Objectives
Antibiotic resistance (ABR) is a global threat to public health, and is a property primarily conferred to bacteria either by horizontal transfer of a gene or by mutational evolution. Predictions suggest ABR will kill more people than cancer by 2050, as it underlies both treatment of infectious disease, and management of cancer therapy and transplants. The strong selective pressure applied by human use of antibiotics seems to underlie the growth, diversification and spread of resistant strains and plasmids across the world. A major goal for translational genomics is to provide rapid resistance predictions from clinical samples based on genome sequence data. There are three related problems. First, given a genotype-to-resistance mapping, perform accurate genotyping that is not affected by the levels of diversity in bacteria, which confound standard map-to-a-single-reference-genome approaches.
The remaining two problems relate to building that genotype to resistance map.
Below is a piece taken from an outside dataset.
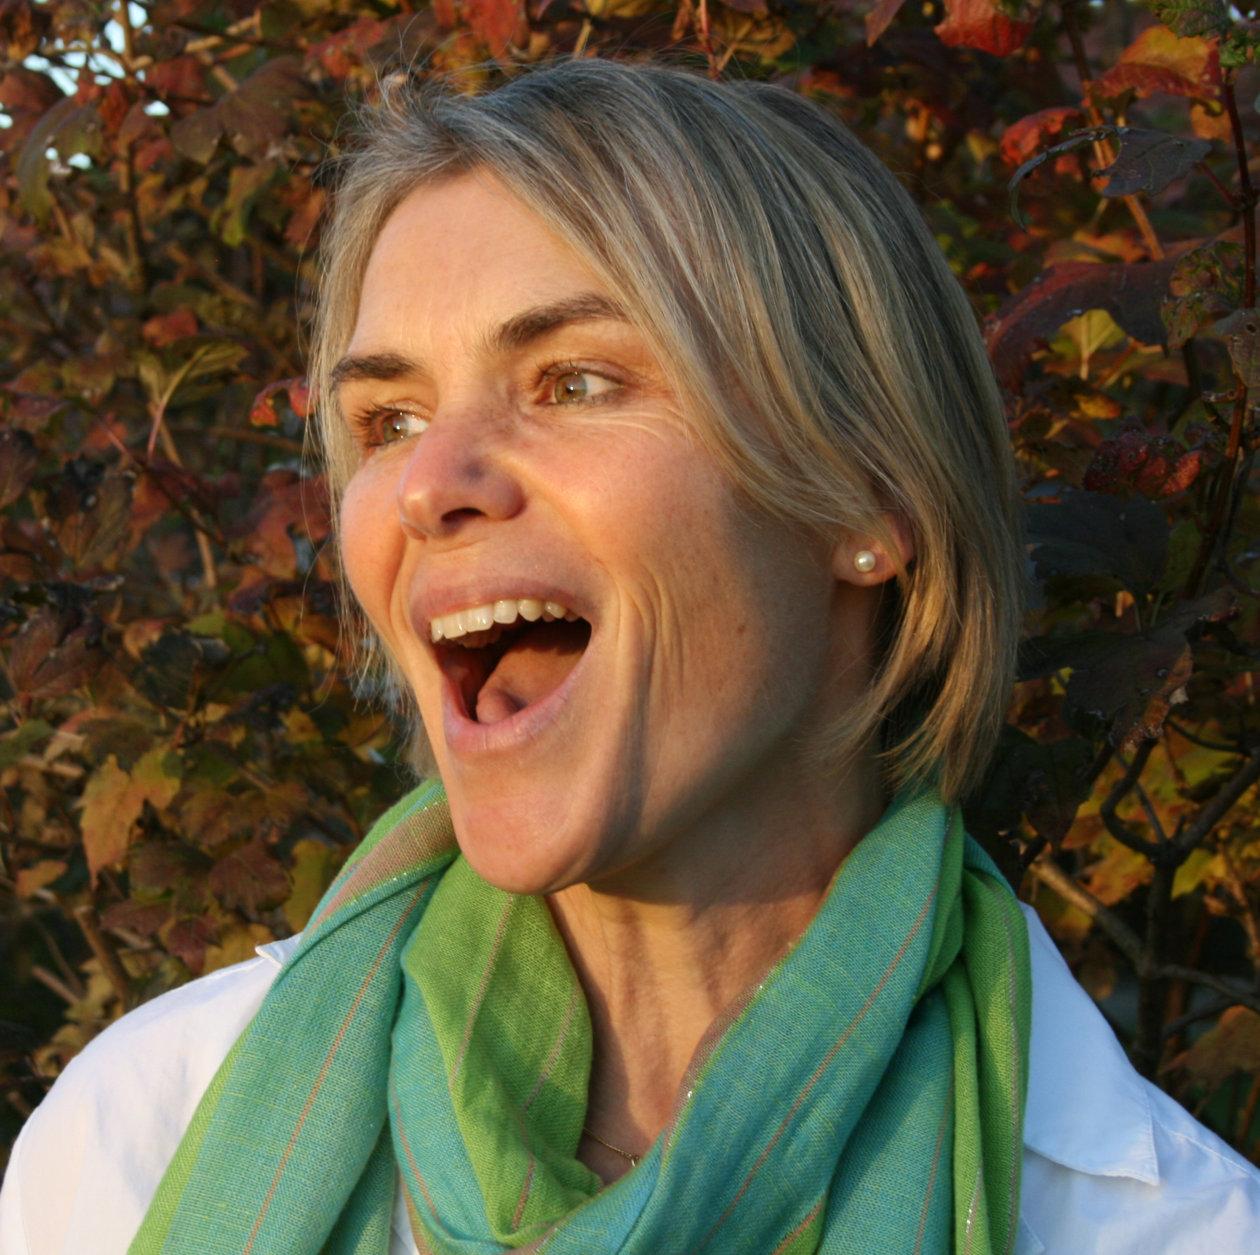 Singen stärkt das Immunsystem

One can either use Genome Wide Association Studies to try to determine causal genes/mutations, or one can use hypothesis free approaches (e.g. “machine learning”) to infer predictive features, without attempting to infer mechanism. GWAS approaches are challenging in bacteria because of genome-wide linkage disequilibrium, and because of large levels of diversity and horizontal gene transfer. In this project we seek to use pan-genomic data structures to improve GWAS (by using more informative markers and reducing unnecessary multiple testing), and as a substrate for machine learning.
Expected Results
Algorithms and software for bacterial pan-GWAS: Benchmarking of standard machine learning approaches for resistance prediction based on pan-genome for at least 2 species (M. tuberculosis, E coli); New machine learning approaches developed, software made available, benchmarked on the above 2 species.